A huge thank you to all the artists and composers who participated in the Score Trail. It was an awesome addition to our festival. Thanks to all the lovely shopkeepers in Carrick on Shannon too who let us take over their shop windows for the weekend.
There is a map to the trail below.
And very shortly we should have a PDF of all the works that can be downloaded here.
Tomomi Adachi sent a bold graphic score for piano and two graters. (I’m thinking this didn’t work out too good for the piano.) I like how Vicky Langan responded, using a grater on cardboard and a piano string to create her sculptural piece.
Alvin Curran sent us this piece which reminds me of a diagram of how to do the fox trot. I’d like to see this one performed.
And here we have Mouthpiece I from Erin Gee. I love the video of this piece. It reminds me of a Beckett play.
John Godfrey sent us a score called Tinting Study. It is quite a subtle visual work as well as being an interesting score.
Anthony Kelly made this score for us. I like how he allows the performer to choose their own way to interpret his image.
Joe Kudirka sent us some delicate and beautifully textured sheets of handmade paper – there are all sorts of interesting material in them – hair, foil, etc.
Anton Lukoszevieze sent us a score based on what looks like an image of a Russian circuit board called Music for Orchestra.
Istvan Zelenka sent us these thoughtful text scores (above) to which Sandra Lulei responded with playful layered and embroidered drawings. (Below.)
Danny McCarthy made this beautiful book for the festival, which we will be turning the pages of each day.

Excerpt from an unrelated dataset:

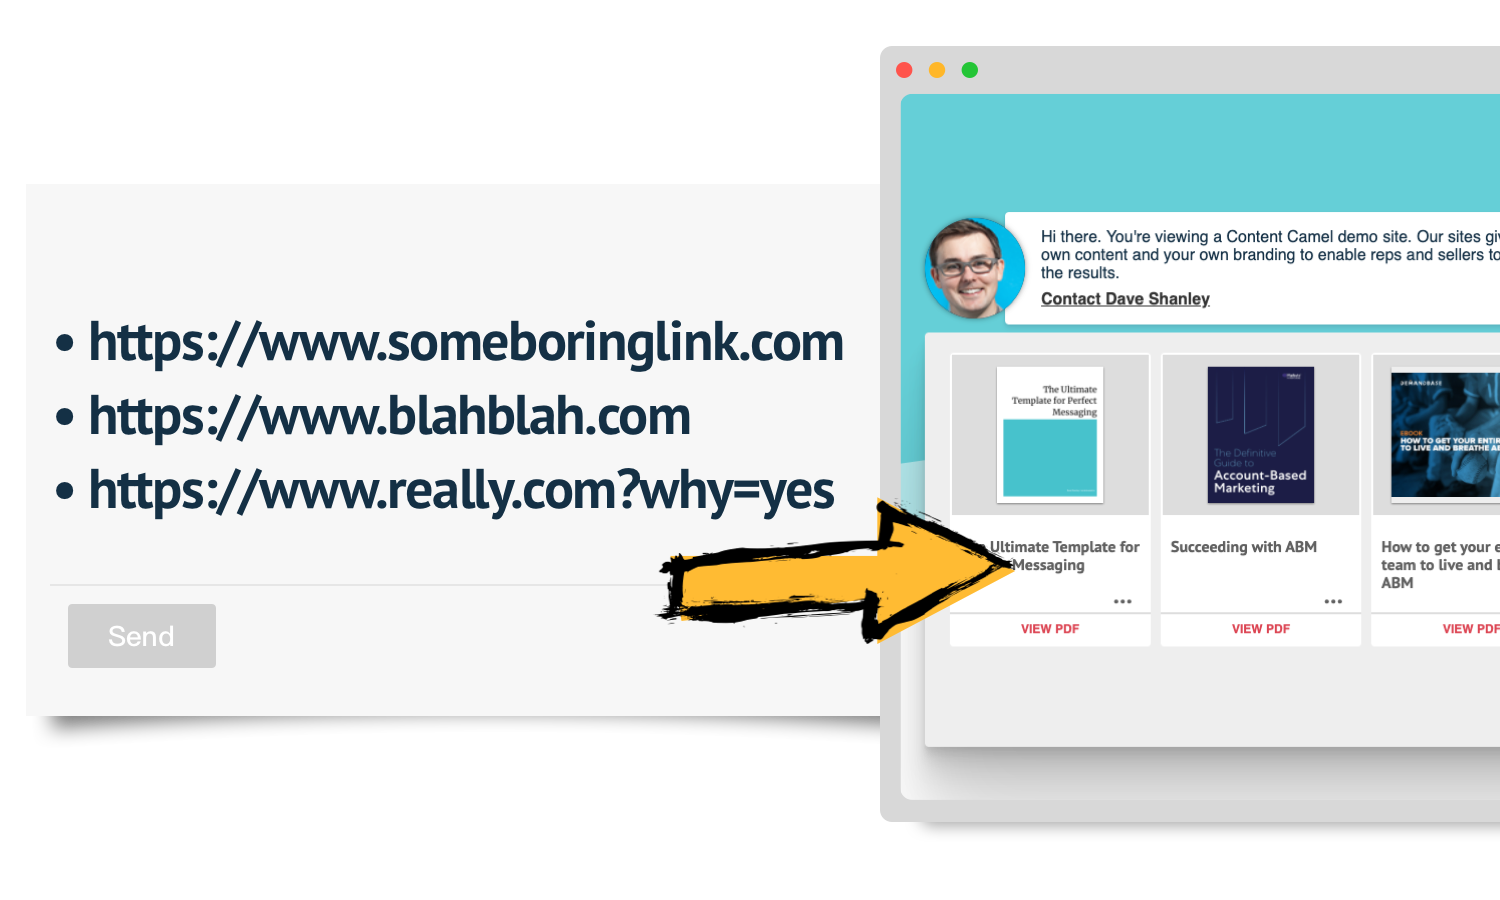 Change boring links into an engaging buyer experience

Paul McGuire‘s score Underpass Anxiety was presented…well, in an underpass aptly enough…
Karen Power sent us an excerpt from her score armed only with nuts.
James Saunders made a piece especially for the festival – location composite #4 – which is hidden inside a book in one of the bookshops. Festival-goers are invited to write the sounds they hear on sheets of paper hidden in the book. The resultant score will hopefully be performed over the weekend.

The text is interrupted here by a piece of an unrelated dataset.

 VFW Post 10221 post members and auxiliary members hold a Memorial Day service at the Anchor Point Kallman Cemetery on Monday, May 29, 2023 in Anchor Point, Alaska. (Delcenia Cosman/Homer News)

Caroline Walshe’s work gave people a chance to create their own score to take home or leave on the wall.
Jennifer Walshe‘s score was printed on a t-shirt and hung in a charity shop window. We may see it on Sunday being worn by a Carrick on Shannon farmer, having been accidentally purchased from the shop.

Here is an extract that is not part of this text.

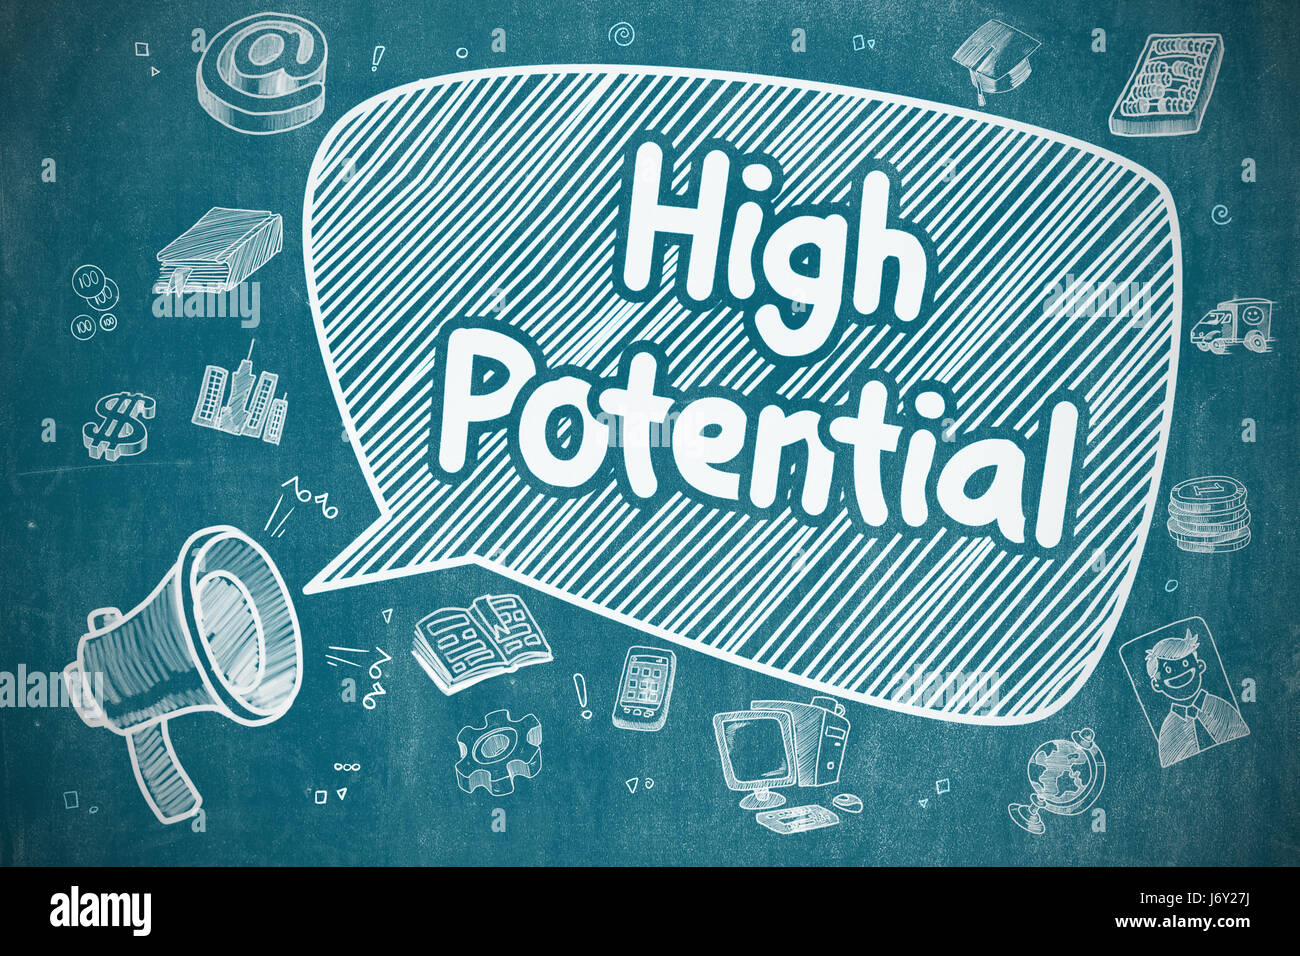 High Potential - Hand Drawn Illustration on Blue Chalkboard. Stock Photo

Pictured above is one of Amnon Wolman’s graphic scores (left) with Felicity Ford‘s postcard-sized scores in response. I love how Felicity tries to untangle the mystery of the image in Amnon’s score with her descriptions of different actions involving knitting needles, matches, pins and combs.
And there is a mystery score, pictured below. If you can find it and report back to box office with the title of the score, you get a free copy of Felicity Ford’s postcard scores! Whooppee!!